The data presented here indicate that local administration of CBD blocked OA pain. Prophylactic CBD treatment prevented the later development of pain and nerve damage in these OA joints.
These findings suggest that CBD may be a safe, useful therapeutic for treating OA joint neuropathic pain.”
“Preclinical and clinical studies using cannabis-based therapy have been shown to provide both analgesia and anti-inflammatory effects, with an overall alleviation of clinical symptoms in animal models of arthritis, highlighting its promising therapeutic application for humans. Despite this, the development of cannabis-based therapeutics remains in its infancy, with further investigation into its efficacy and safety profile in patients still required. This synopsis reviews the various components of the endocannabinoid system in health and disease and their potential as therapeutic targets.”
“From last decade, there has been progressive improvement in computational drug designing. Several diseases are being cured from different plant extracts and products.
Rheumatoid arthritis (RA) is the most shared disease among auto-inflammatory diseases. Tumor necrosis factor (TNF)-α is associated with RA pathway and has adverse effects.
Extensive literature review showed that plant species under study (Cannabis sativa, Prunella vulgaris and Withania somnifera) possess anti-inflammatory, anti-arthritic and anti-rheumatic properties.

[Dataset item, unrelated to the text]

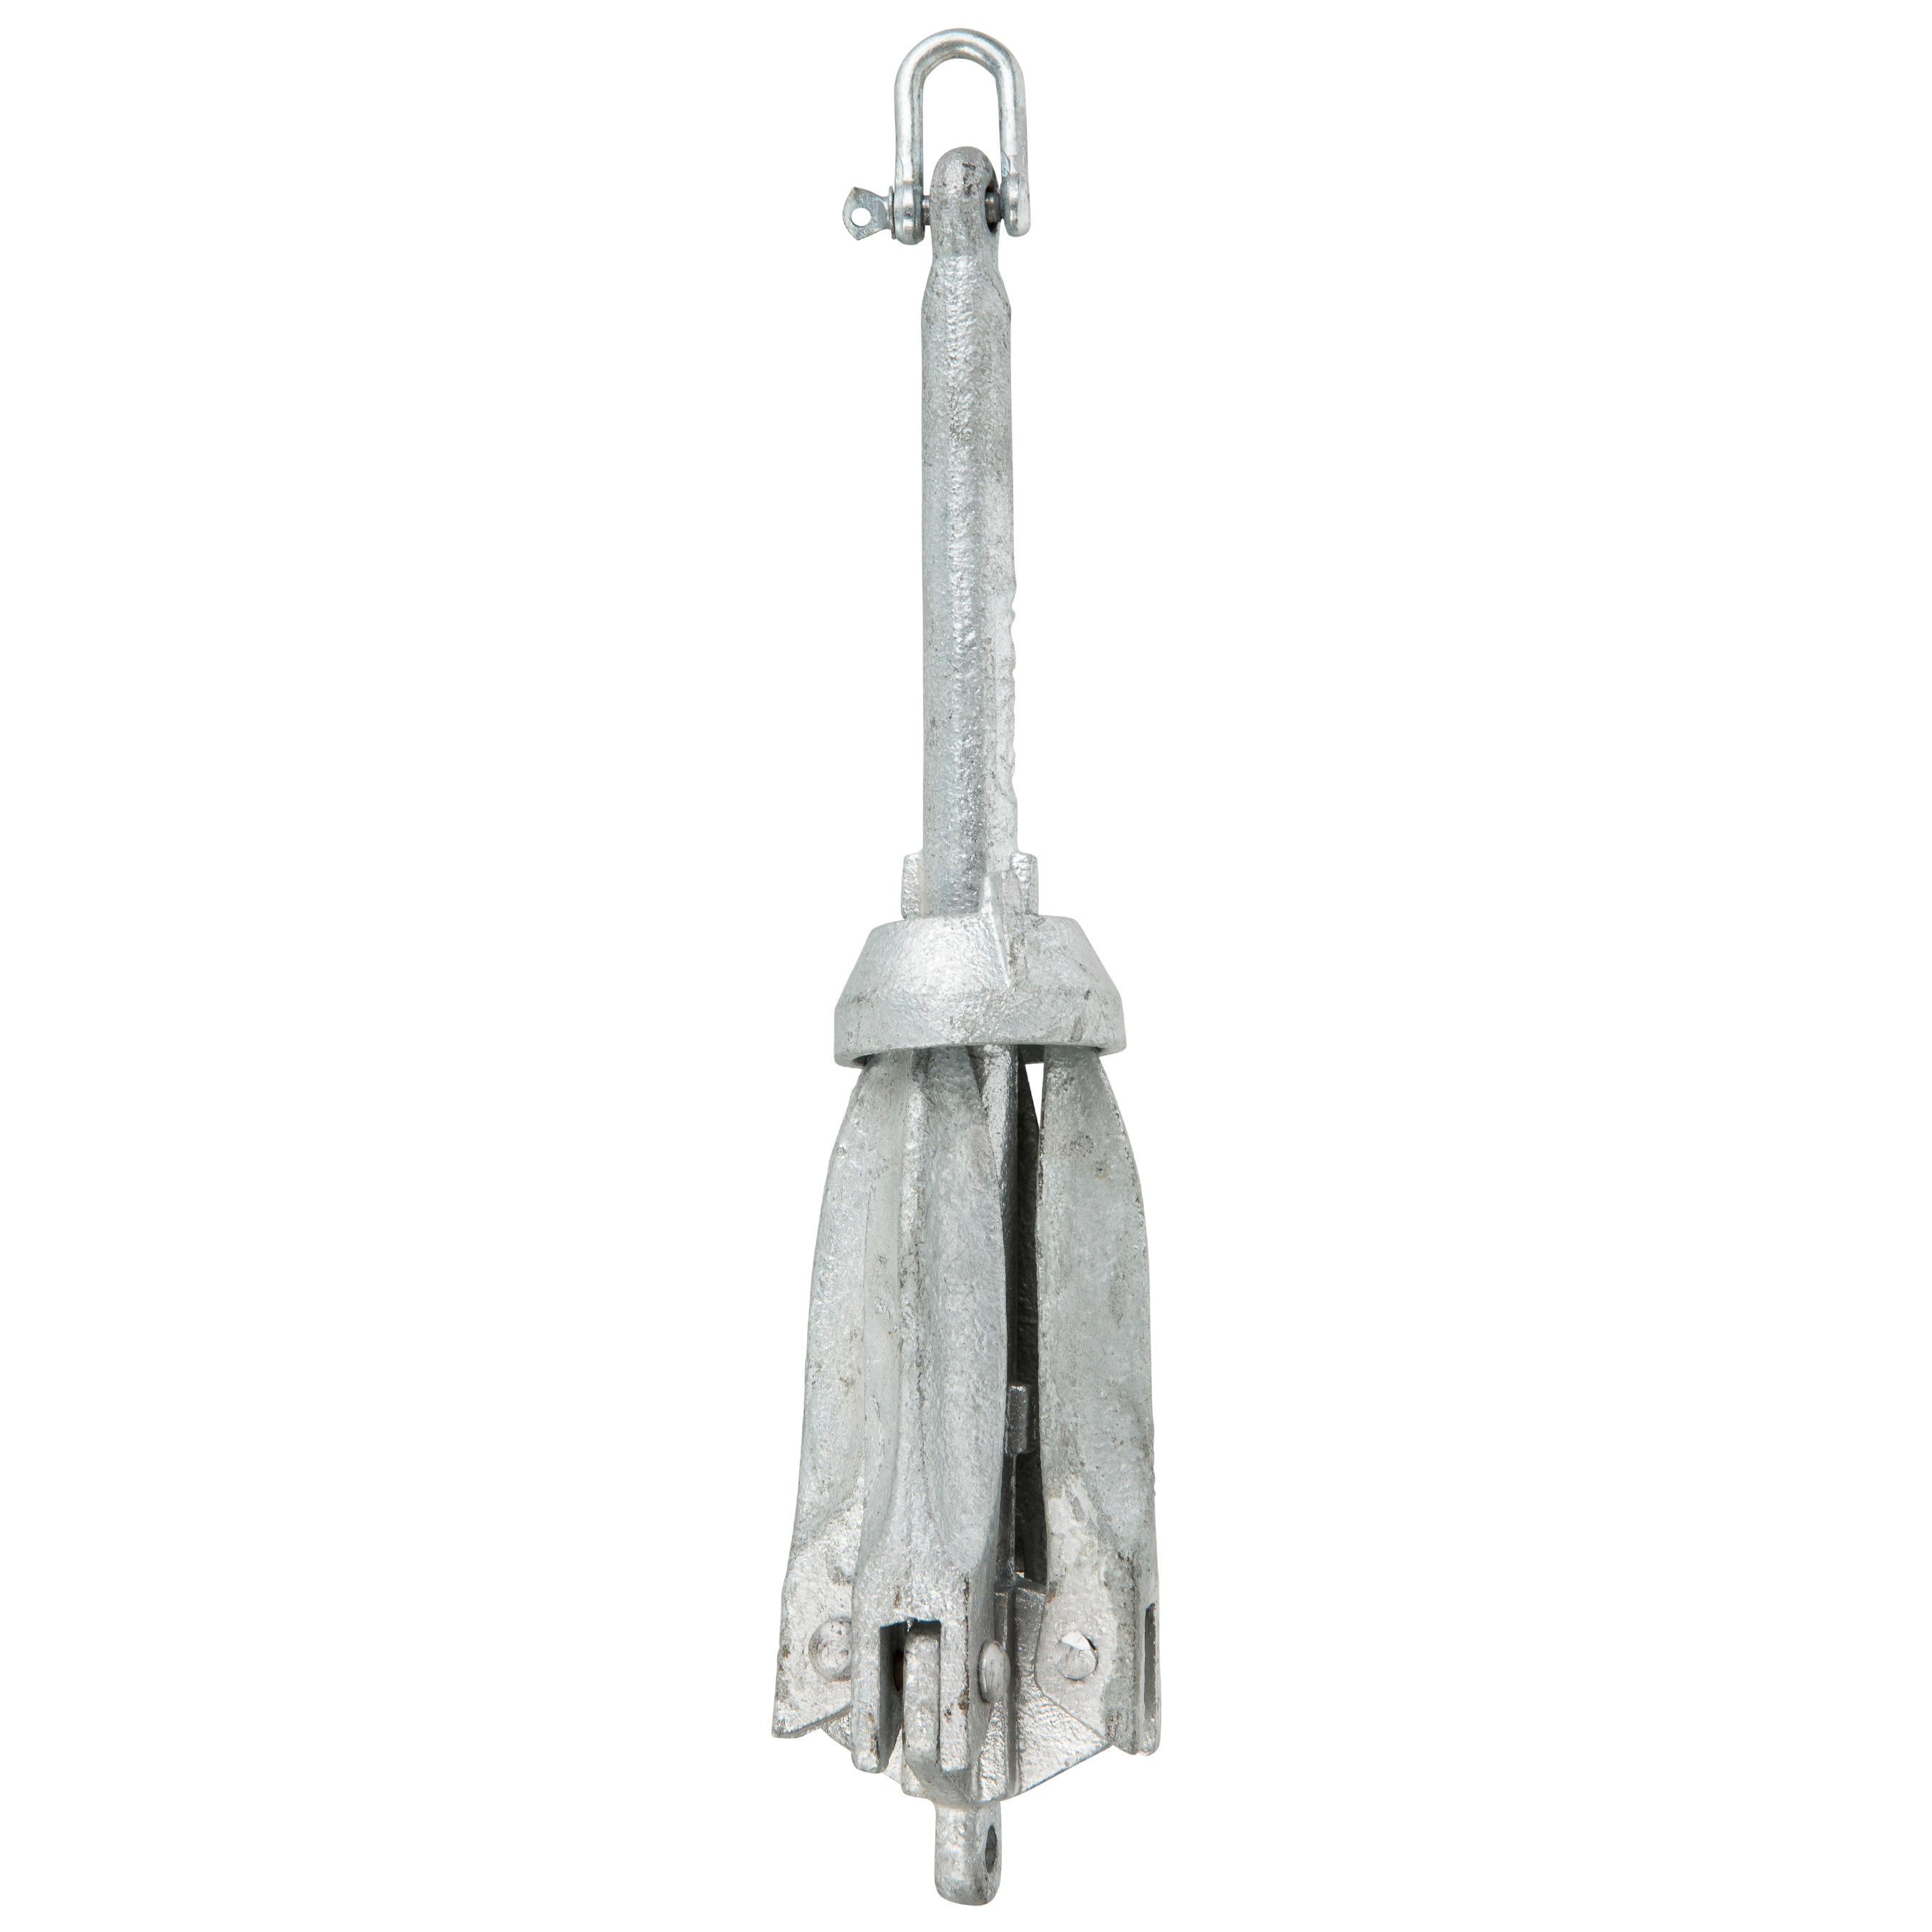 Grapnel Anchor for Small Boats and Kayaks 1.4 kg 2/5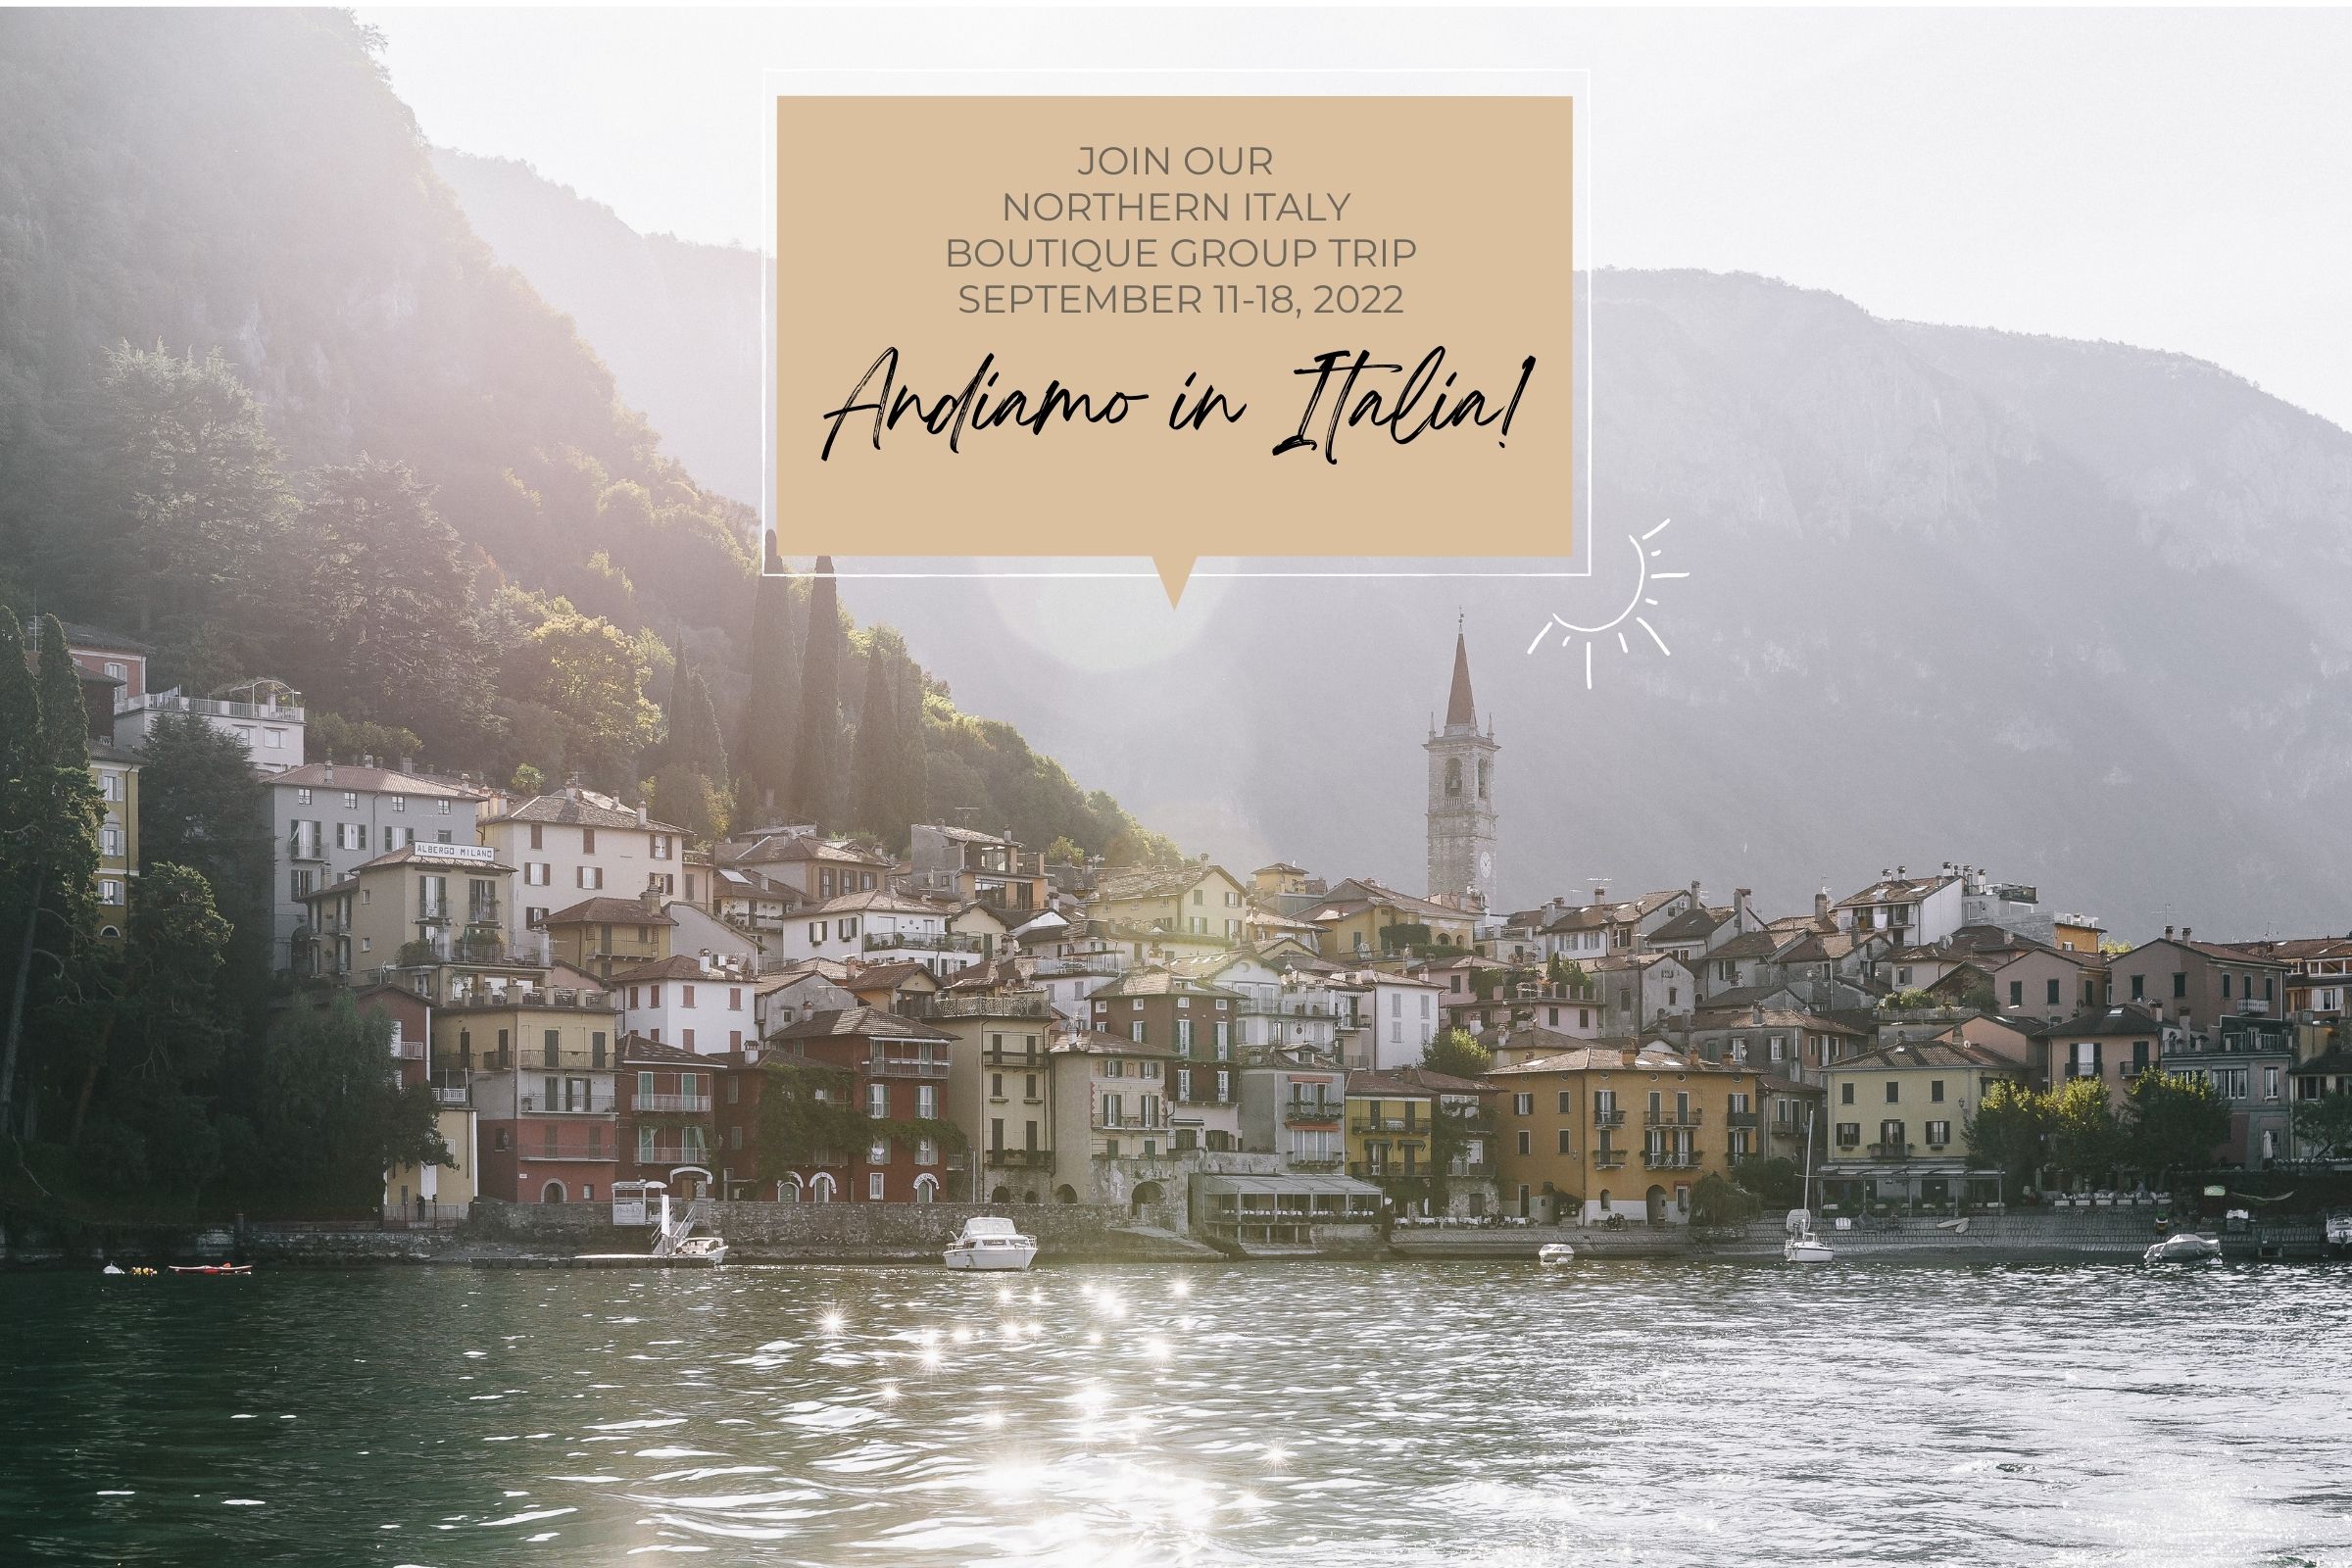 2022 Northern Italy Boutique Group Trip

13 anti-inflammatory compounds were characterized and filtered out from medicinal plant species and analyzed for RA by targeting TNF-α through in silicoanalyses. By using ligand based pharmacophore generation approach and virtual screening against natural products libraries we retrieved twenty unique molecules that displayed utmost binding affinity, least binding energies and effective drug properties. The docking analyses revealed that Ala-22, Glu-23, Ser-65, Gln-67, Tyr-141, Leu-142, Asp-143, Phe-144 and Ala-145 were critical interacting residues for receptor-ligand interactions.
It is proposed that the RA patients should use reported compounds for the prescription of RA by targeting TNF-α. This report is opening new dimensions for designing innovative therapeutic targets to cure RA.”